Despite its location in Area B, Israel's Civil Administration has decided to act in Tel Aroma to prevent further damage to the site.

The ancient Tel Aroma fortress in Samaria is the northernmost of eight fortresses established by the Hasmonean Kingdom to protect Israel’s eastern border. Photo: Regavim.
The ancient Tel Aroma fortress in Samaria is the northernmost of eight fortresses established by the Hasmonean Kingdom to protect Israel’s eastern border. Photo: Regavim.

Over the past several days, Staff Officer for Archeology (SOA) inspectors within Israel’s Civil Administration carried out enforcement operations in the Tel Aroma archaeological site in Samaria, located in Area B, which is under Palestinian civilian control. This was a relatively rare operation since, up until several months ago, the Civil Administration refrained from enforcing violations regarding archaeological sites not located in Area C, which is in full Israeli control.

“Tel Aroma” is a biblical site mentioned in the Book of Judges and a Hasmonean fortress city. It overlooks the Itamar Ridge, and has suffered extensive destruction at the hands of vandals and thieves. Among other incidents, it was discovered that a Hasmonean fortification wall with a unique Herodian addition of decorated stones had been stolen.

About a year ago, Israel Hayom reported that the P.A planned to build a Palestinian heritage site and a mosque commemorating the shahids (“martyrs,” a euphemism for terrorists) at the location. This plan was considered “terrorism aimed at harming Jewish history” by Yossi Dagan, head of the Shomron Regional Council.

According to the “Shomrim al Hanetzach” (Preserving the Eternal) organization, last week Civil Administration personnel confiscated an excavator used to pave an illegal road at the site, destroying archaeological artifacts. As a result of the confiscation, the violations were stopped.

The Civil Administration has recently changed its policy and begun operating in Area B as well, where violations of antiquities laws and archaeological site destruction occurs. Several months ago, Israel Hayom reported that the Civil Administration was operating in the Khirbet Turpin ruins, also located in Area B. At the beginning of this month, SOA personnel operated in Khirbet Turpin again, confiscating four vehicles and arresting looters at the scene.

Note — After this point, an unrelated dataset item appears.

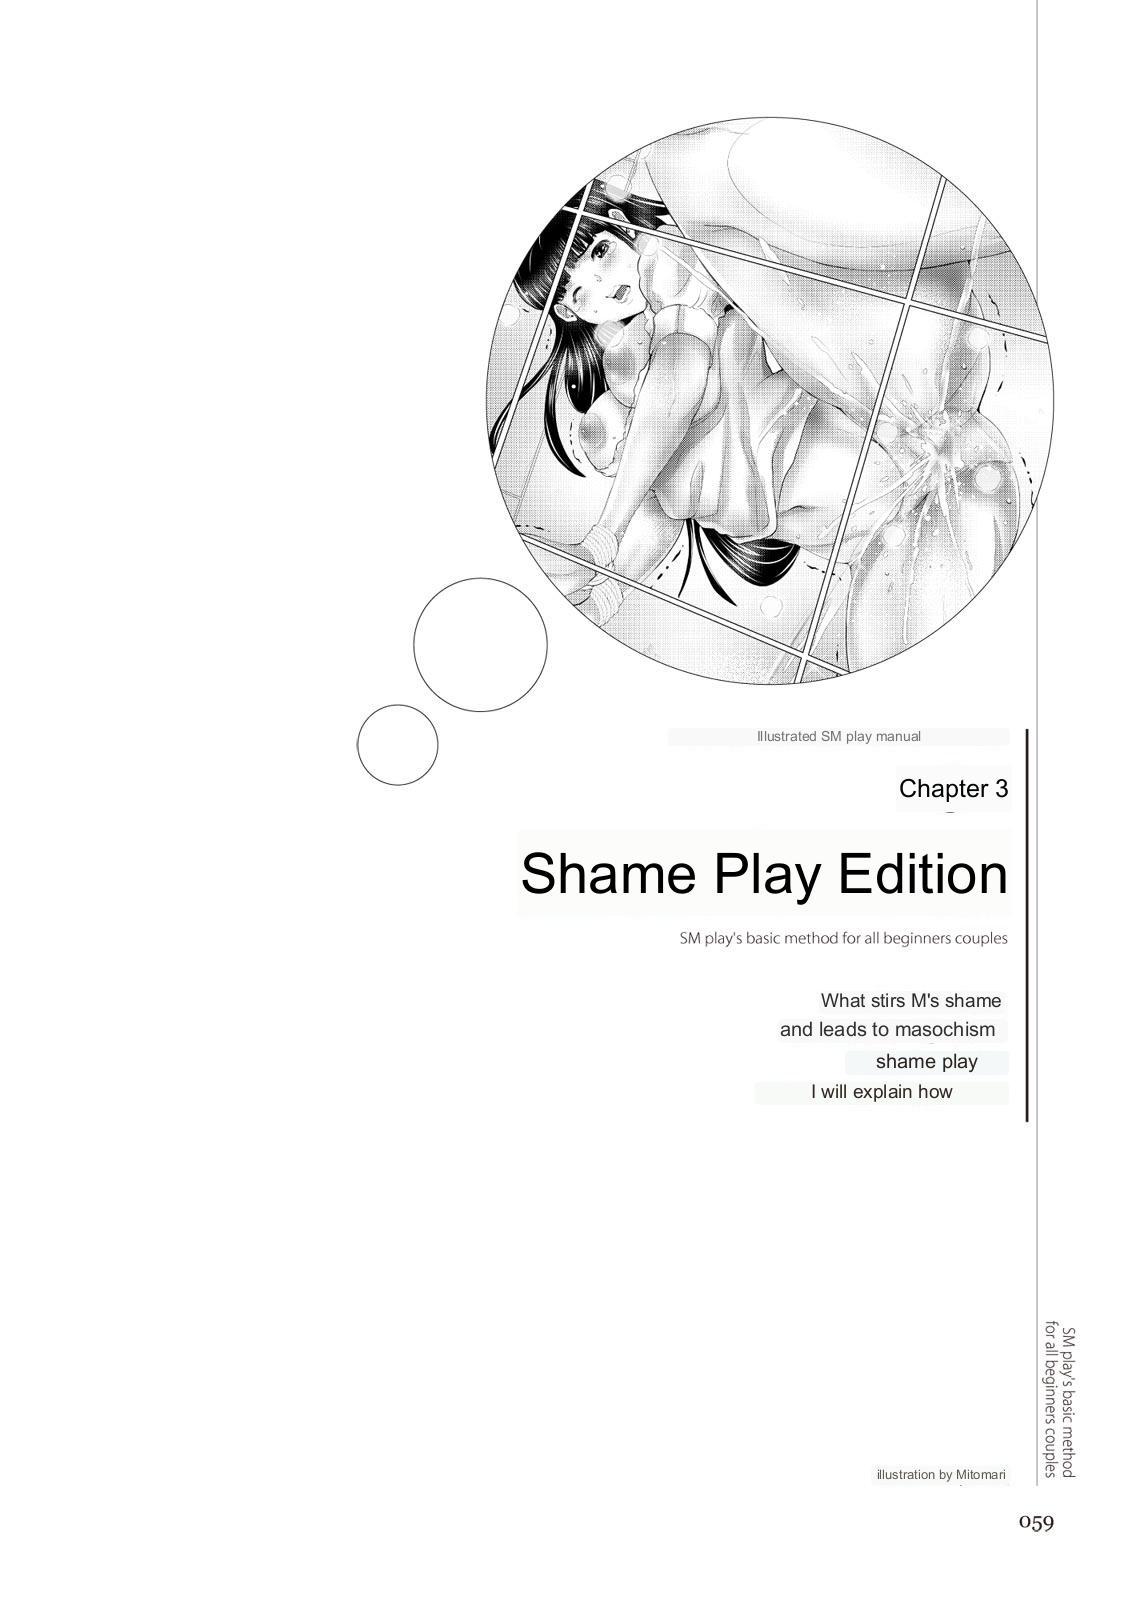 SM play manual 57

“We welcome the new trend,” said Moshe Gutman, chairman of Preserving the Eternal. “The State of Israel has understood that it is also responsible for heritage sites located in Area B. The policy change that began in Khirbet Turpin is spreading throughout Judea and Samaria, led by the political echelon. We hope to see more and more effective enforcement operations such as these. The heritage belongs to us all,” he added.

The Israeli government has set as a goal acting against the phenomenon of archaeological site destruction in Judea and Samaria, and preserving Jewish heritage in the region.

Last week, as was published by Israel Hayom, the government approved a massive plan to combat the destruction of antiquities, allocating NIS 120 million ($32 million) to the cause.